Clean-behind automation.

Your people work exactly as they do today; the Phase 1 pipeline runs continuously against your nightly replica, scoring and correcting new records by the rule catalogue and routing genuine exceptions to the same adjudication queue. The scorecard becomes a live dashboard.

Constraint-at-entry interface.

A lightweight translation layer implementing the data model's constraints at the point of creation — non-conforming data cannot enter, or the user is shown the record's quality score and what is missing before saving. New parts are born conforming.

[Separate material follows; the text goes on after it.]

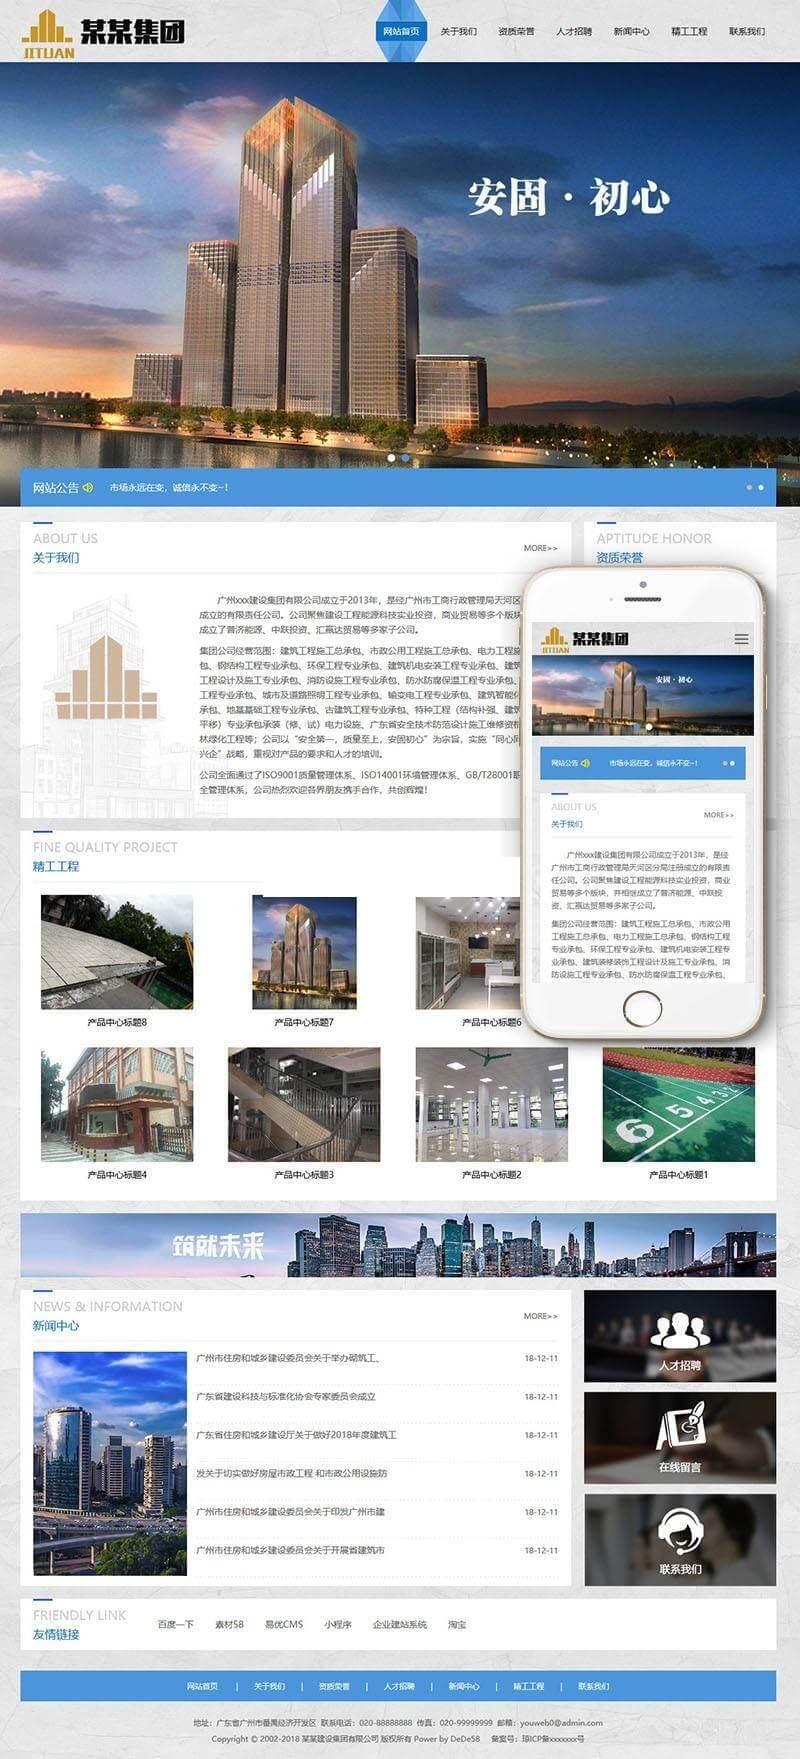 【织梦模板下载】响应式建筑工程施工类vip精品网站模板(自适应手机端)商业源码

In either form, the enablement office hours continue and deepen: we shall support and coach your team as required — named decision owners, a part-creation playbook, training on the chosen interface or pipeline, and full handover of the rules — so that the standard remains yours to keep, not ours to rent.

5 · Commercials

Commercials

ScopeFeeTimeline
Phase 1 — Lot 1 (Paper & Film)Full cleanup: parse, consolidate, restructure$8,000Delivered day 10
Phase 1 — Lot 2 (Decorative Films)Dormant-catalogue pruning and description normalisation$2,000Delivered end of week 1
Phase 1 combinedBoth lots, plus model, rules, pipeline, scorecard$10,000 fixed10 business days
Phase 2Systematisation per §4, scoped jointly from Phase 1 findings$15,000 (indicative)Scoped at Phase 1 close
Engagement total$25,000

We confirm this is deliverable as a standalone, fixed-fee data engagement — item master only, no platform components — as scoped in your brief. Phase 1 stands alone: you receive everything your brief requests whether or not Phase 2 proceeds. Fees are fixed at signature, with a 30-day post-load correction warranty covering defects against the signed specification. A delta re-run against a fresh extract is included within 2 business days of your chosen load date.